20 years under Putin: a timeline

Caterina Innocente speaks with Boris Nemtsov, a leading member of the Russian opposition, about the latest governmental reshuffle, the dangers of Putinism, and the importance of the Cardin List

 

 

Caterina Innocente: What are your thoughts on the Saturday, Sept. 24 political reshuffle, in which Russian Prime Minister Vladimir Putin announced he will seek the presidency in the upcoming March elections? Also, what would your comment be on Kudrin being fired earlier today, Sept. 26?
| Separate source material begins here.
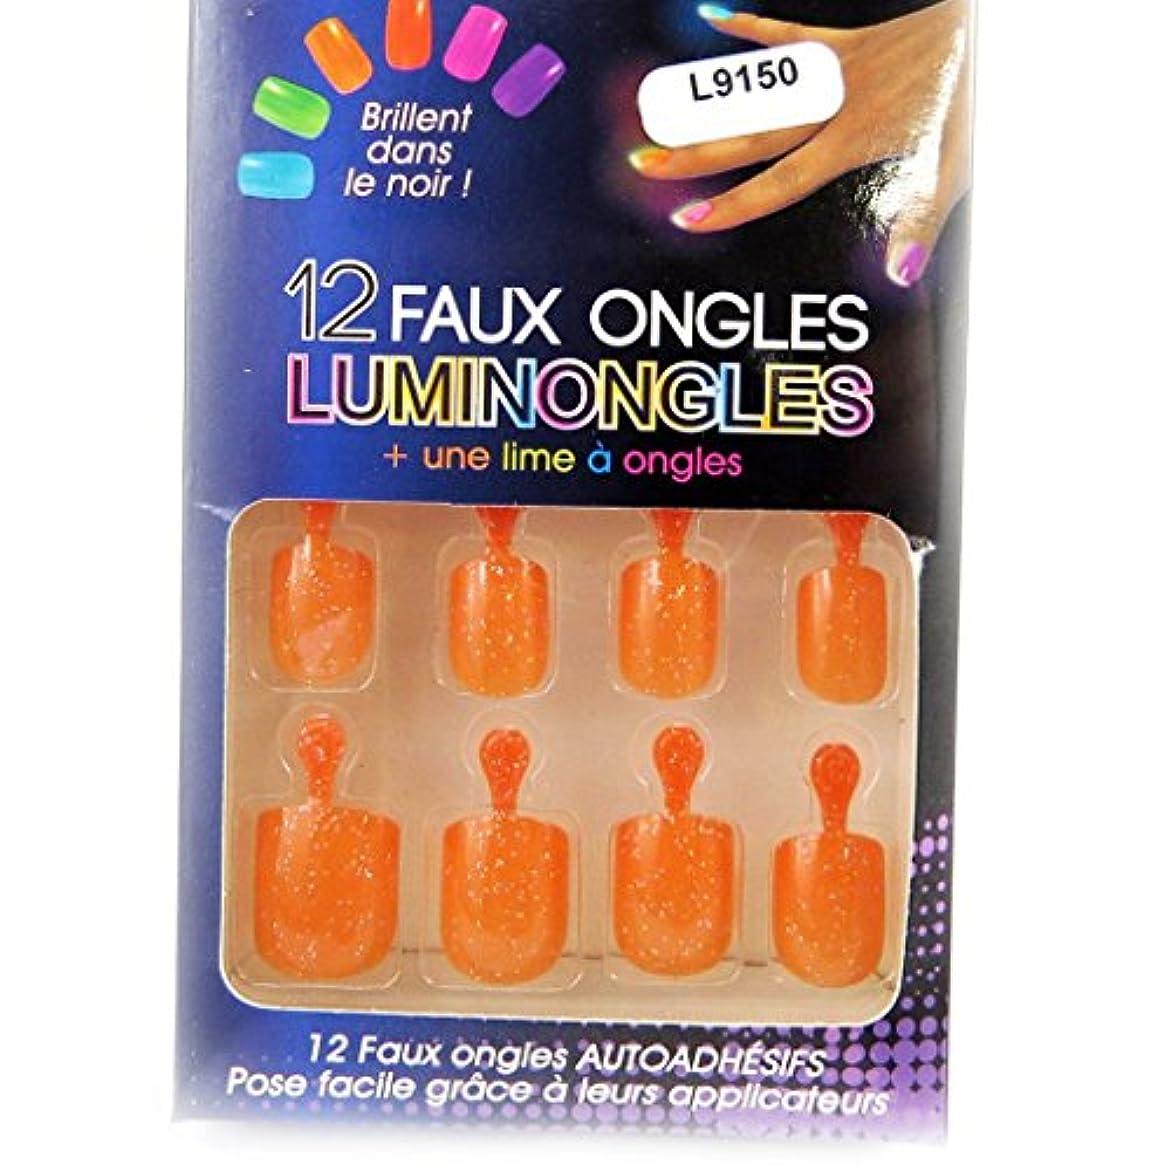 モディッシュ異常な理容師[リリーの宝 (Les Tresors De Lily)] (Luminongles コレクション) [L9150] アクリルスカルプチュア オレンジ

Boris Nemtsov: As a matter of form, this political reshuffle translated into a humiliation for the people of Russia, given that Putin and Medvedev didn’t even attempt to make it look like people had the right to hold their own opinion, the right to make their own choices. And in terms of its substance, the scenario translates not only into a usurpation, but also into a failure to transfer power. It is becoming obvious that Putin is choosing Lukashenko's path [Alexander Lukashenko is the Belarusian dictator. — Ed.] The consequences for the country will be quite serious: emigration of businesspeople and of people with higher education; capital flight; further enrichment of those who are close to the Kremlin; and further infrastructure collapse.

Alexei Kudrin being fired is a very bad sign. Kudrin was one of the few who could prevent — and had prevented — the collapse of the financial system.

C.I.: There is another disturbing development: The President signed a decree expelling Mikhail Prokhorov from the Commission for the Modernization and Technological Development of the Russian Economy.

B.N.: The main lesson to be learned from the recent weeks' events is: if you want to be in Putin’s paradigm, you have to be a puppet, 100 percent. The regime no longer permits any kind of independence, no matter how minimal. The second thing Prokhorov's story proves is that it is impossible to change the system from the inside. In fact, Prokhorov never said he was with the opposition. He said, we shall do things little by little ... a touch of polish here, a bit of modernization there ... . But the regime has already proven itself to be so rigid that to reform it from within would simply be impossible.

C.I.: You often describe yourself as a passionarii. This term took on a political life of its own (after the ethnologist Lev Gumilev’s failed theory of passionate ethnogenesis). Today, passionarii are defined as people who are enterprising, active, willing to risk everything and put their needs second to the achievement of a particular goal. Were you always like that? Is that part of your character?

B.N.: No, this wasn’t part of my character. I became this way when I switched to the opposition.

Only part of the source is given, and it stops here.